I think this patch is looking good. Perhaps it should now get checked in for use by the wider user community. If we decide based on user feedback that tweaks still need to be made perhaps those can be separate bugs. Thanks a lot Rich, this has been a bit of a pain but I think we've come up with something really useful.
From a code review standpoint, this looks good to me as well. If it pylints and regression tests well, I say commit and be done with this beast. :-)
Patch committed. Moving to "[pending]" state. Thanks. It's pylinted. I'll run the regression tests now.
Created attachment 103996 [details] [review] Changes to the regression tests. * test/keystrokes/gtk-demo/role_icon.py: test/keystrokes/gtk-demo/role_tree_table.py: Adjusted the regression tests for the gtk-demo icon and tree tables, for the tests that the changes for bug #486908 have fixed.

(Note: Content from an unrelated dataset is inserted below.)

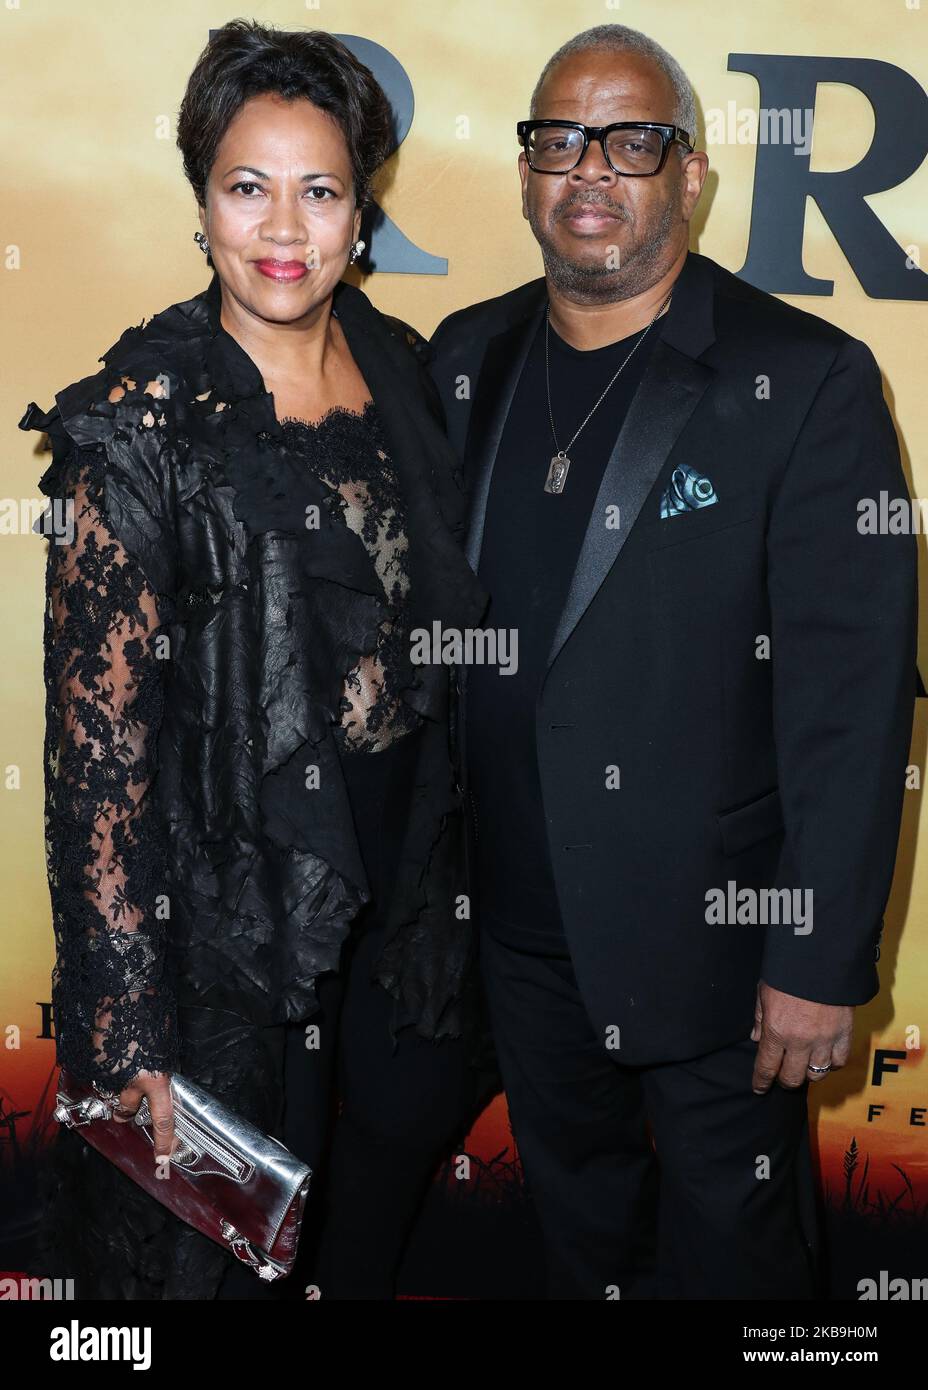 LOS ANGELES, CALIFORNIA, USA - OCTOBER 29: Robin Burgess and Terence Blanchard arrive at the Los Angeles Premiere Of Focus Features' 'Harriet' held at The Orpheum Theatre on October 29, 2019 in Los Angeles, California, United States. (Photo by Xavier Collin/Image Press Agency/NurPhoto) Stock Photo

Sorry, i dont know what i seem to be doing wrong, this is what im experiencing: running vanilla rev 3527. in Nautilus, shift+arrow does not announce items being selected. Same goes for items on the desktop. in gtk-demo icon view -> basic: everything says unselected, even if im just arrowing around. Shift+arrow still says unselected for every item. if i understood your last comment regarding gtk-demo, only patch 103721 is required. Thank you
In testing this patch (and the Gtk+ one) yesterday, Mike and I noted that [un]/selecting the Nautilus desktop icons with Control-Space did not generate any "object:state-changed:selected" events, and therefore Orca couldn't do the right thing. I've filed bug #513213 against Nautilus on this problem.
(In reply to comment #65) > Sorry, i dont know what i seem to be doing wrong, this is what im experiencing: > running vanilla rev 3527. > in Nautilus, shift+arrow does not announce items being selected. Same goes for > items on the desktop. Because the behavior in gnome for holding down shift with any up and down arrow movement always seems to select the current design is not to speak selected as unless we speak unselected or not selected selection should be assumed. As Rich commented we did discover the desktop problem yesterday and hopefully that problem can be fixed for the next gnome release. > in gtk-demo icon view -> basic: > everything says unselected, even if im just arrowing around. > Shift+arrow still says unselected for every item. HMMMM Rich and I talked earlier and neither of us can reproduce this problem. > if i understood your last comment regarding gtk-demo, only patch 103721 [edit] is > required. > You do need the last patch to gtk+. I don't know if it makes a difference but I am also running the latest trunk versions of at-spi, atk, and gail. What distro are you running? > Thank you >
Adding in the gtk+ bug that we depend upon before this gets really fixed.
The latest patch to the underlying bug has just been committed. Finally closing as fixed. If we find more selection problems, then just open new bugs against each one. Thanks.